Ao avistar a escola, a mesma em que cursou o primário, achou-a bonita com as luzes acesas que davam-na um aspecto de catedral, o que fez com que ele adentrasse-a com muito mais respeito. Ao entrar na sala de aula, teve uma sensação de perda, de saudades da algazarra que fazia com os colegas.Avistou somente pessoas adultas, algumas pareciam ter mais de trinta anos. Procurou uma vaga bem atrás como era seu costume, mas não encontrou nenhuma. Muito contrariado sentou-se na fileira da frente. Olhou para trás e viu duas pessoas bocejando em seqüência, bocejou também às lágrimas e teve vergonha por isso. Numa atitude impulsiva levantou-se para sair e, ao mesmo tempo em que tropeçava derrubando uma cadeira e fazendo um grande barulho, entrou pela porta da frente uma moça extremamente bonita. Era a professora. Nico sentindo-se corar voltou quase sem forças ao seu lugar.

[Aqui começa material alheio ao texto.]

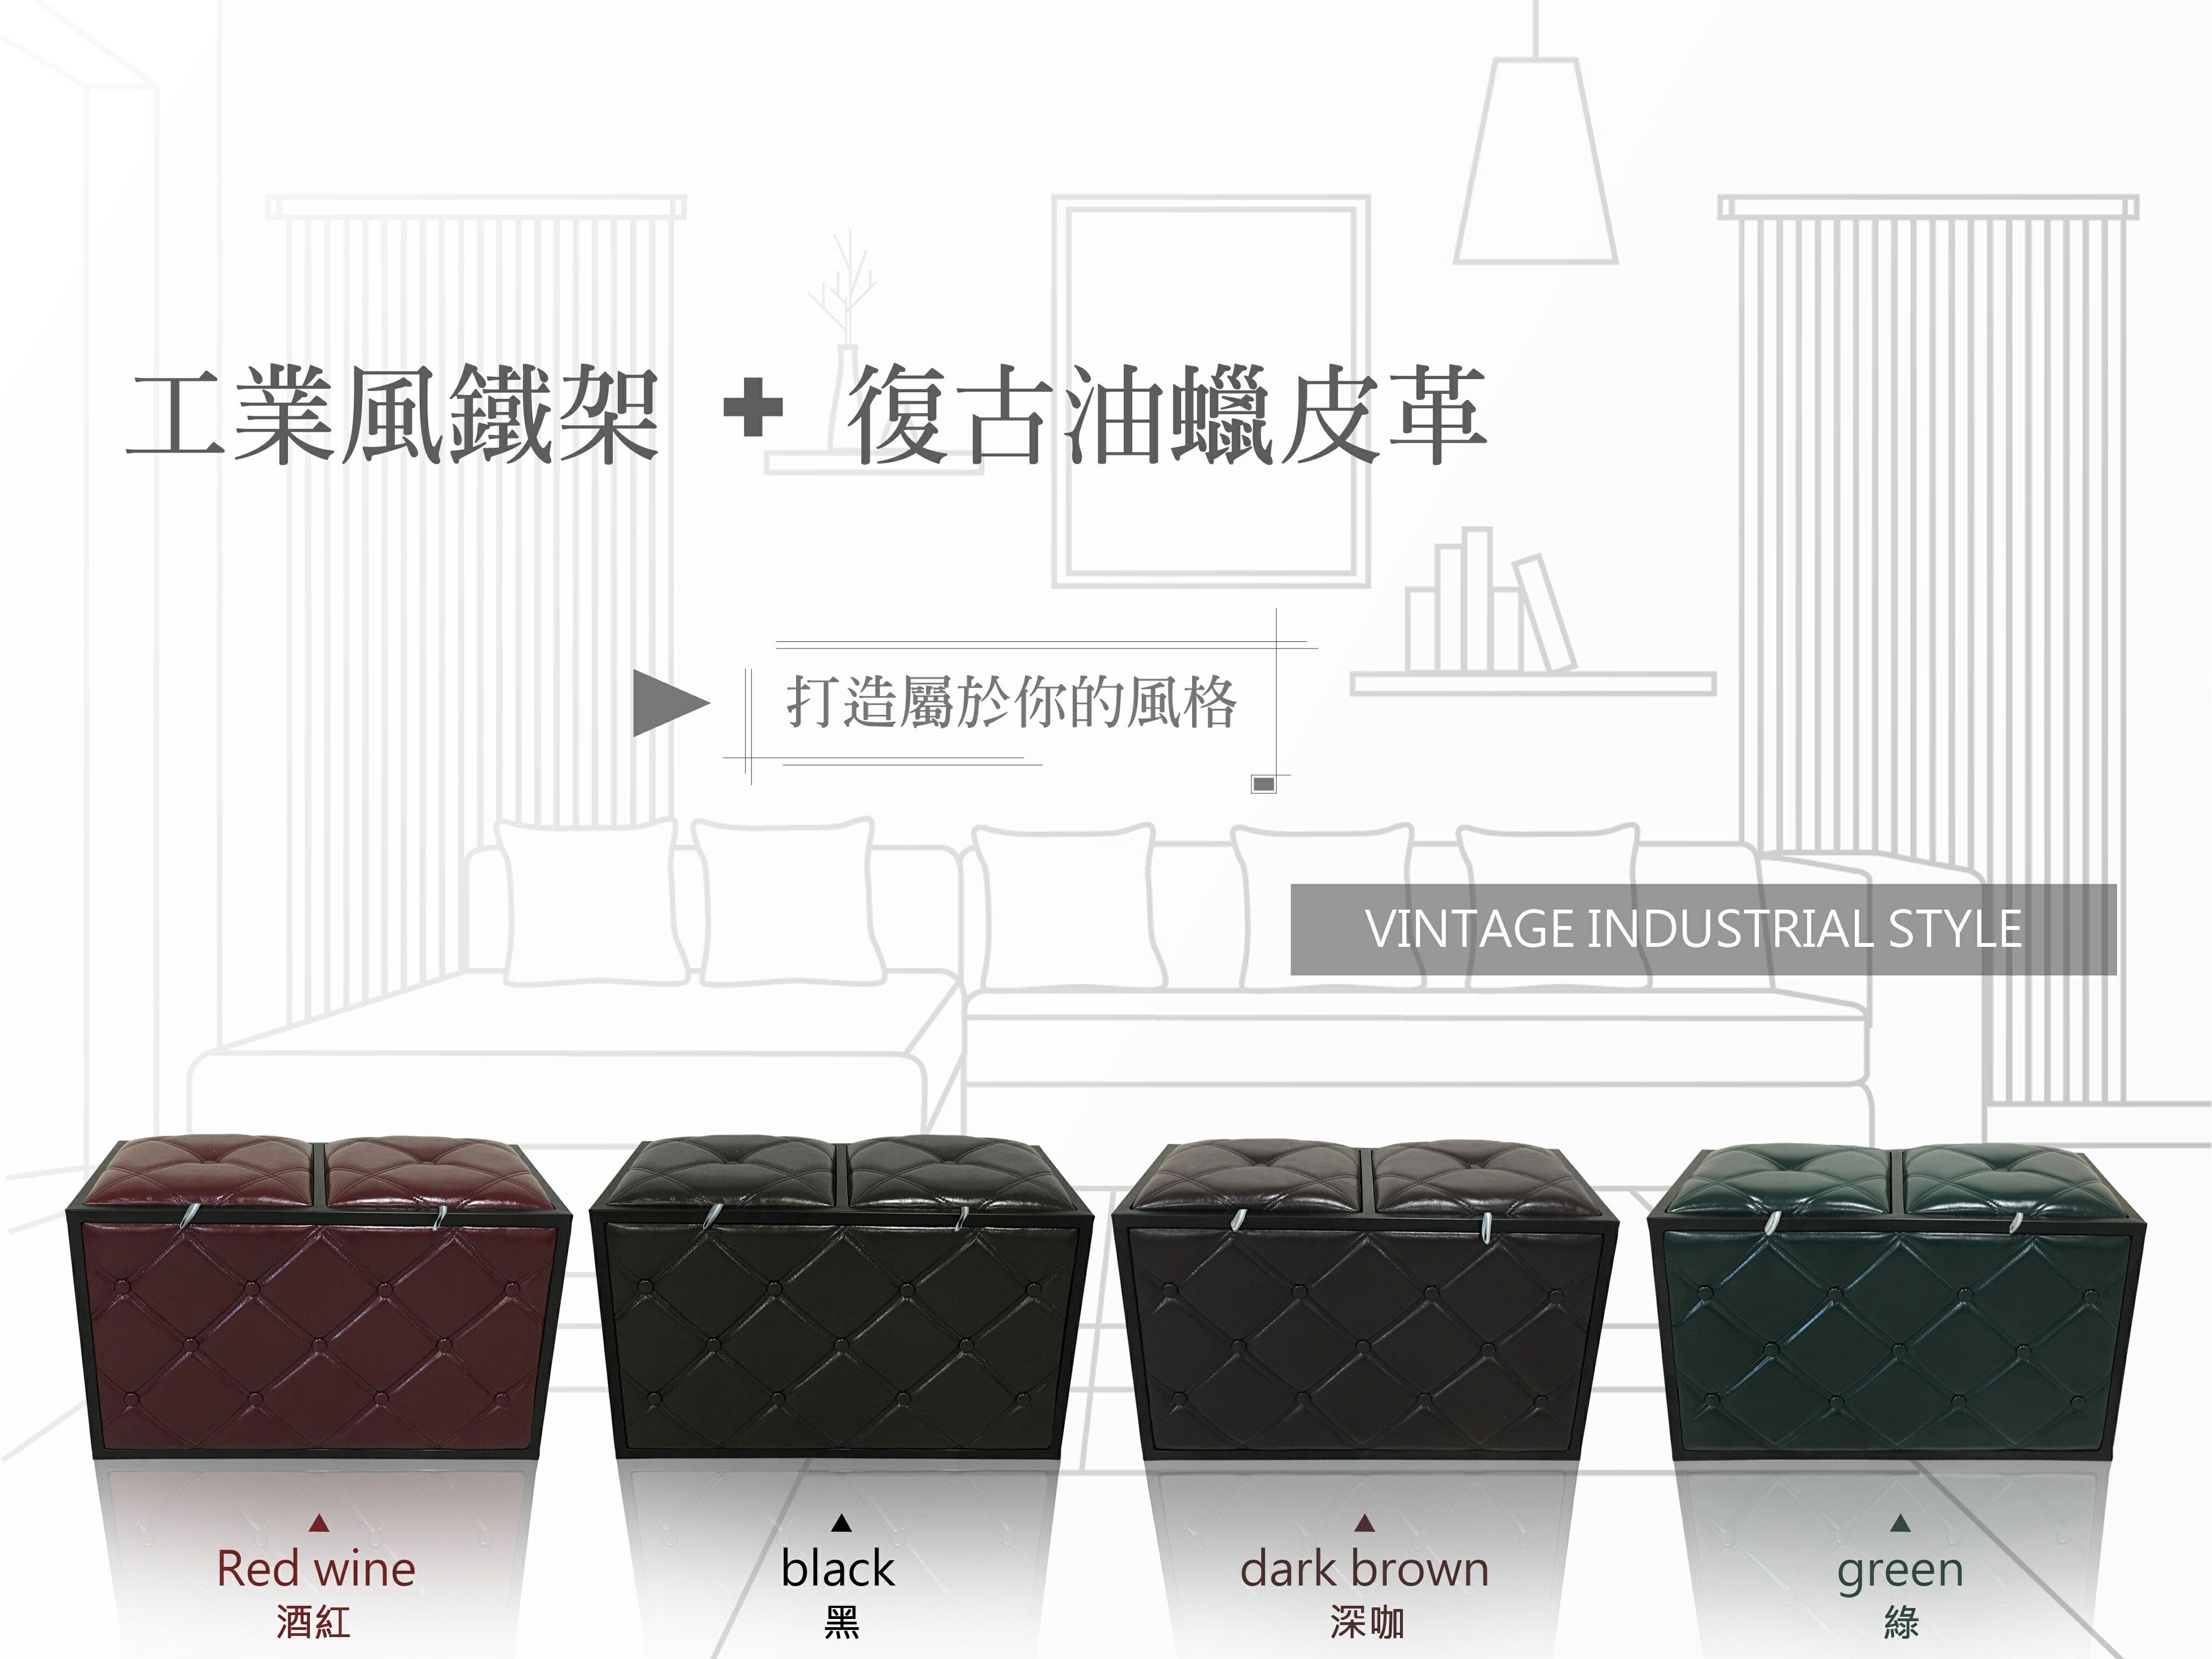 【新生活家具】現代 工業 復古 收納箱 穿鞋凳 腳椅 玄關凳 休閒椅 4色可選《喬休爾》 非 H&D ikea 宜家

Com pena, a professora fingiu não perceber o constrangimento, cumprimentando-o com um leve movimento de cabeça e uma expressão simpática nos olhos. Nico, percebendo o fingimento, compreendeu a sua inferioridade e teve vontade de morrer.
Carina tinha uma cintura muito fina que contrastava perfeitamente com a largura dos quadris e dos ombros. Rosto retangular, sobrancelhas grossas e retas cobrindo uns olhos muito vivos, dando a impressão de tristeza, mas também de esperteza, um olhar enigmático. O nariz fino e comprido terminando muito perto da boca pequena, fazia-lhe um ar de nobreza, agravada pelo queixo fino que sempre apontava para frente. Havia também um toque de sensualidade no conjunto por causa da sua boca que, dava a impressão de estar quase o tempo todo entreaberta, devido a um lábio superior muito grosso.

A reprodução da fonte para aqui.